The narratives of the female slaves offer another point of view on this society: particularly that of Andromache (the name given to her after she was captured during the war against Sparta). I suggested to Barbero that her story might merit a sequel, but he replied: “I like writing about different things, so I would never continue a story.”
The structure of the novel carefully interweaves the performance of the comedy with the assault on the girls, the humour of the first contrasting the horror of the second. Yet very little is known in fact about the performance of Greek comedy. As Barbero highlights, “This is one of those areas where the historical novel is particularly appropriate as a means of re-creating the past: given that our knowledge is so limited, it is entirely justified – and stimulating – to fill the gaps using the novelist’s imagination.”
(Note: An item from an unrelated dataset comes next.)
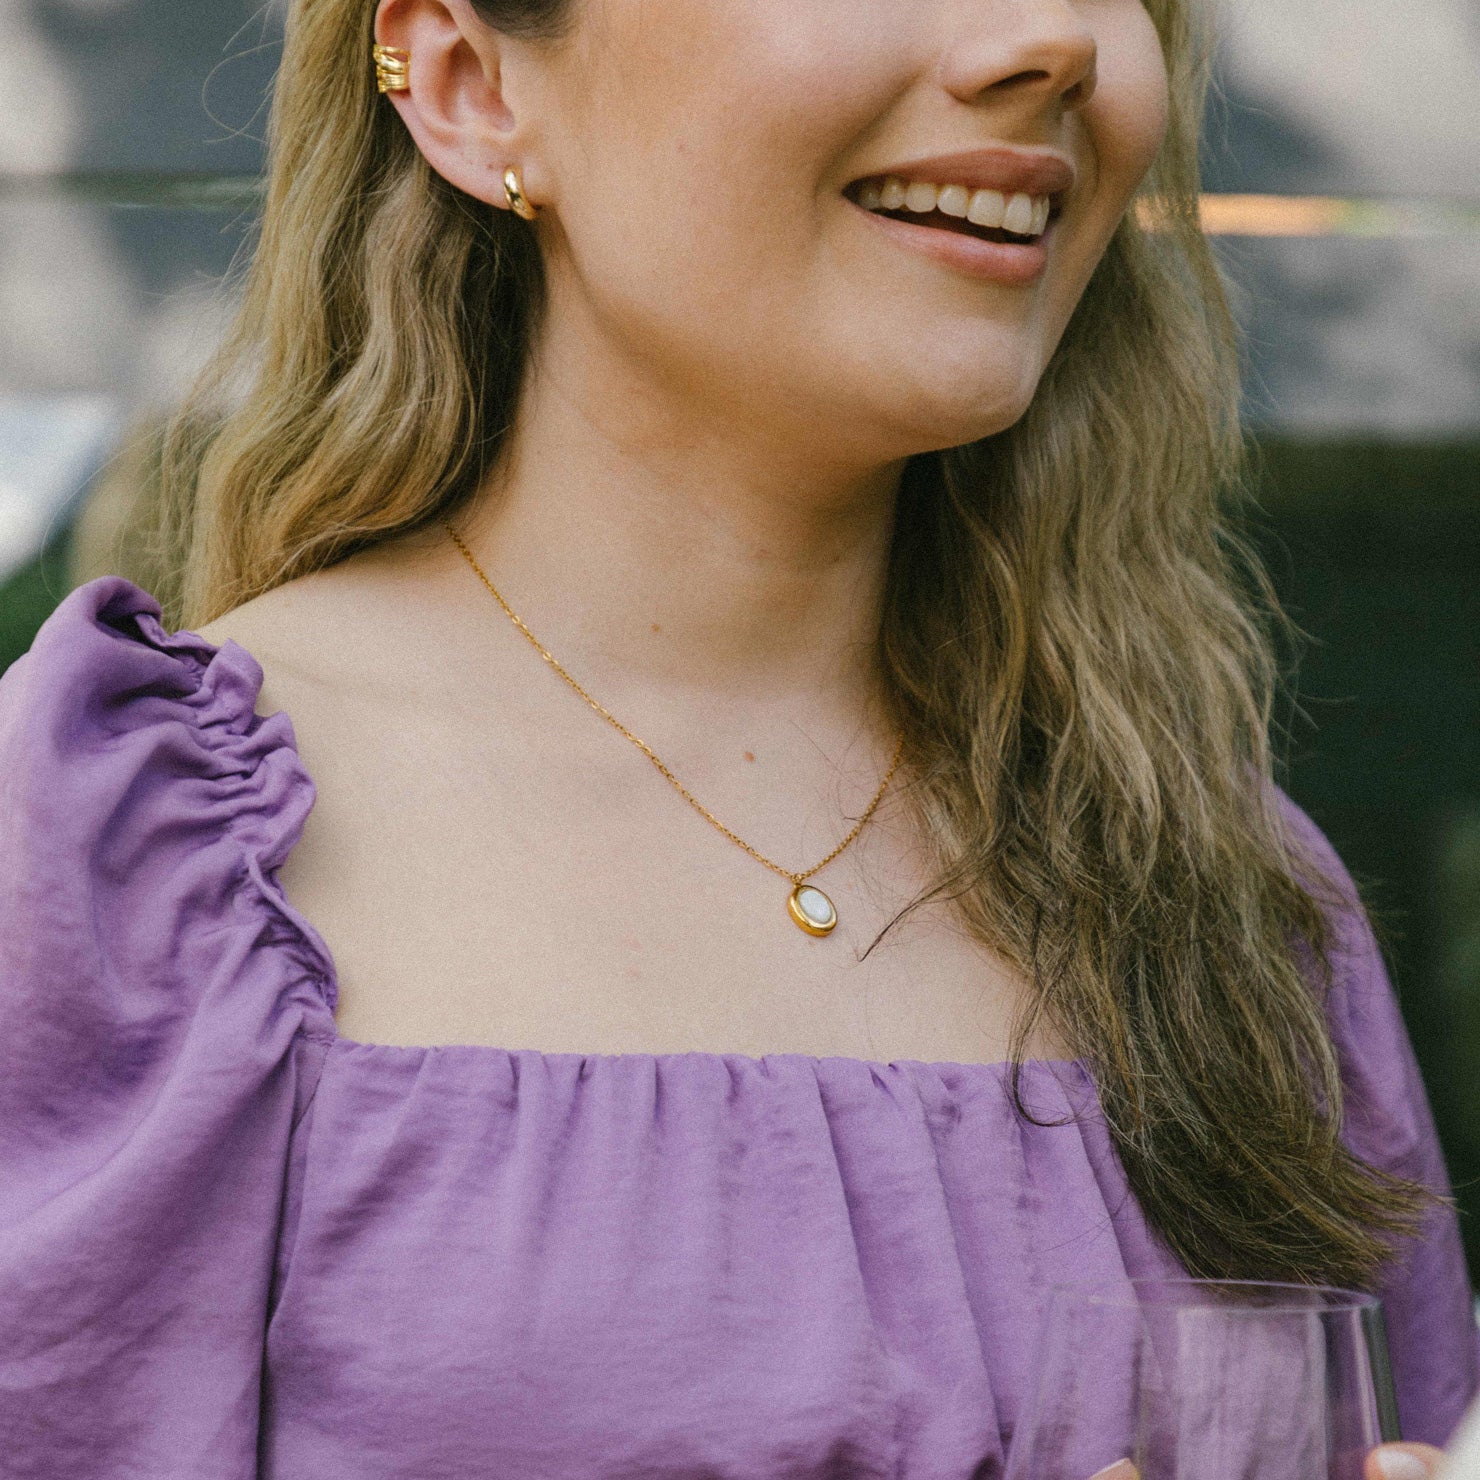 A model wearing the Mother of Pearl Pendant Necklace is crafted from 18K Gold Plated over Stainless Steel and is both non-tarnish and waterproof - perfect for everyday wear. For an added touch, pair the necklace with its sister Celestial Ring for the complete, stunning look.

After sixteenth-century Venice and the classical world, I was intrigued to hear about the setting for Barbero’s next novel. Clearly, it would be different. “For some time,” he replied, “I’ve been tempted by the idea of writing a novel set in New York around September 11, 2001, but I don’t know whether I’ll ever actually want to write it.”
1. Alessandro Barbero, Master Pyle’s Bella Vita and Other People’s Wars, 1995, was awarded the 1996 Strega Prize for Fiction; The Eyes of Venice, trans. Gregory Conti, 2012. The Athenian Women is translated by Anthony Shugaar.